The ARC Prize Foundation introduced this month the newest iteration of its popular benchmark: ARC-AGI-2 (also known as the Abstraction and Reasoning Corpus). The latest benchmark test is even more challenging than the original called ARC-AGI-1, which launched in 2019.
According to Arc Prize Foundation President Greg Kamradt, “ARC-AGI-2 significantly raises the bar for AI.”
Examining the early scores
The ARC-AGI-2 benchmark is comprised of a series of puzzles for AI to solve. After giving the test to 400+ humans, the ARC Prize Foundation established a human baseline for its tests.
- Human panel: 60% average with a cost per task of $17.
Current generative AI tools, however, didn’t fare so well.
- OpenAI o1-pro: 1% with a cost per task of $200.
- OpenAI o3-mini-high: 0.0% with a cost per task of $0.41.
- OpenAI GPT-4.5: 0.0% with a cost per task of $0.29.
- DeepSeek-R1 and R1-Zero: 0.3% with a cost per task of $0.08.
- Anthropic Claude 3.7: 0.0% with a cost per task of $0.120.
- Google Gemini 2.0 Flash: 1.3% with a cost per task of $0.004.
The human panel vastly outperformed the large language models (LLMs) and AI systems that were evaluated using ARC-AGI-2. But what datasets did the tests use?
Analyzing the datasets
The ARC-AGI-2 benchmark comprises a total of four datasets.
- Training: 1,000 uncalibrated public tasks.
- Public Eval: 120 calibrated public tasks.
- Semi-Private Eval: 120 calibrated private tasks.
- Private Eval: 120 calibrated private tasks.
Tasks are considered calibrated when they are independent and identically distributed. This calibration approach, as detailed by TechCrunch, ensures that scores across these datasets remain directly comparable.
ARC Prize 2025: The grand prize is $700K
March 2025 also saw the announcement of ARC Prize 2025, which is based on the ARC-AGI-2 benchmarks and datasets. With a grand prize of $700,000, the competition challenges AI developers to attain an 85% accuracy rating on ARC-AGI-2’s private evaluation dataset.
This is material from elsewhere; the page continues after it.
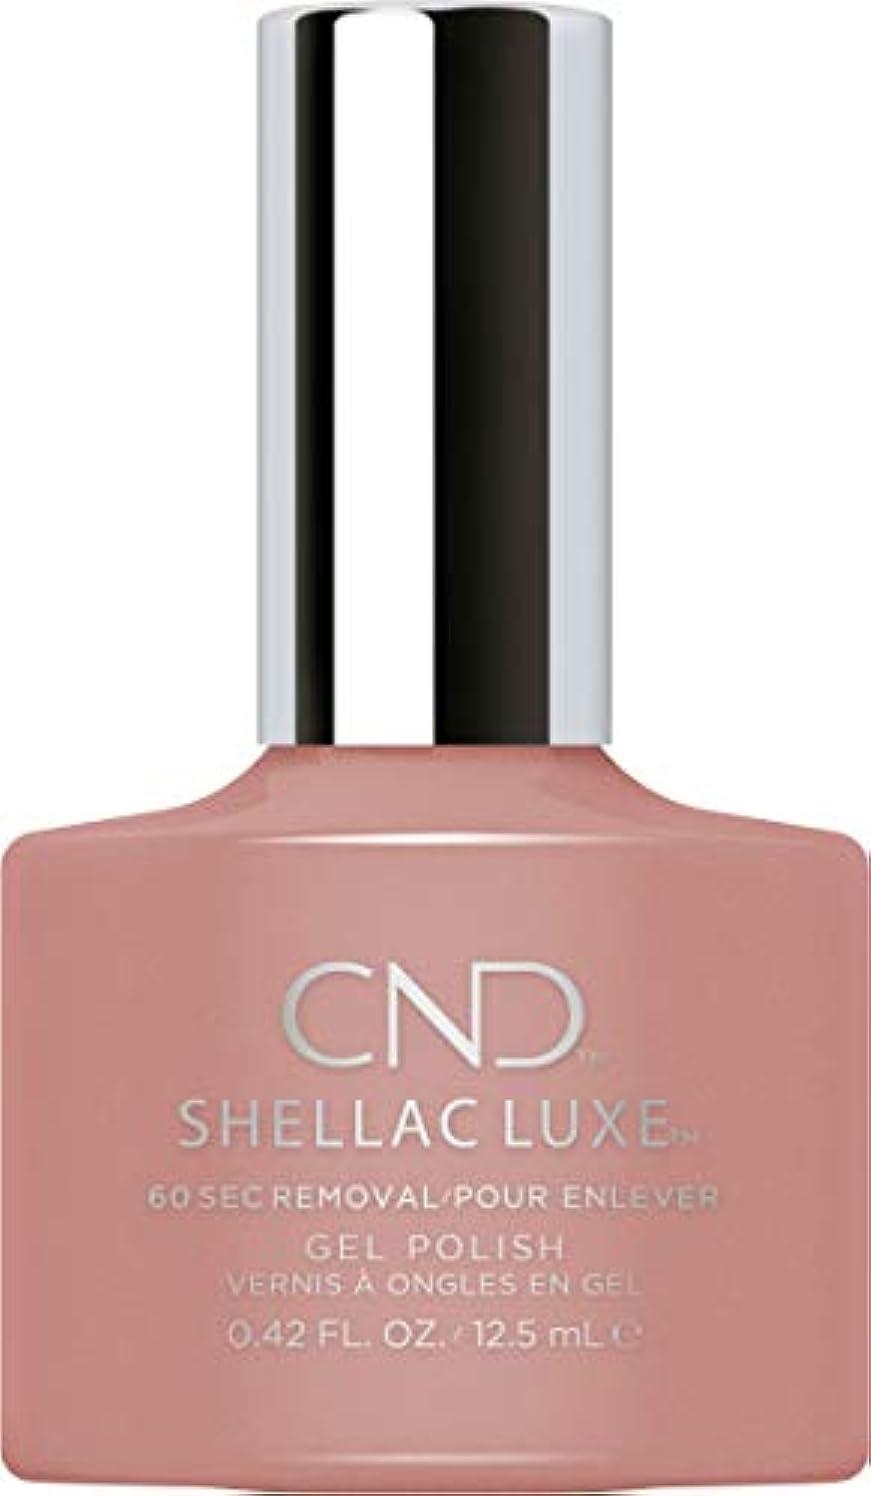 CND Shellac Luxe - Satin Pajamas - 12.5 ml / 0.42 oz

In order to be eligible, the types of AI models competing for the prize can spend no more than $0.42 per task. Moreover, they must complete the evaluation without access to the internet.
Those competing in ARC Prize 2025 must have their submission ready by November 3, 2025. Researchers can also submit whitepapers for a shot at a $75,000 grand prize. The deadline for paper submissions is November 9, 2025.
Whichever AI model scores the highest on the private evaluation dataset will be declared the winner. Paper submissions are evaluated according to a standardized rubric.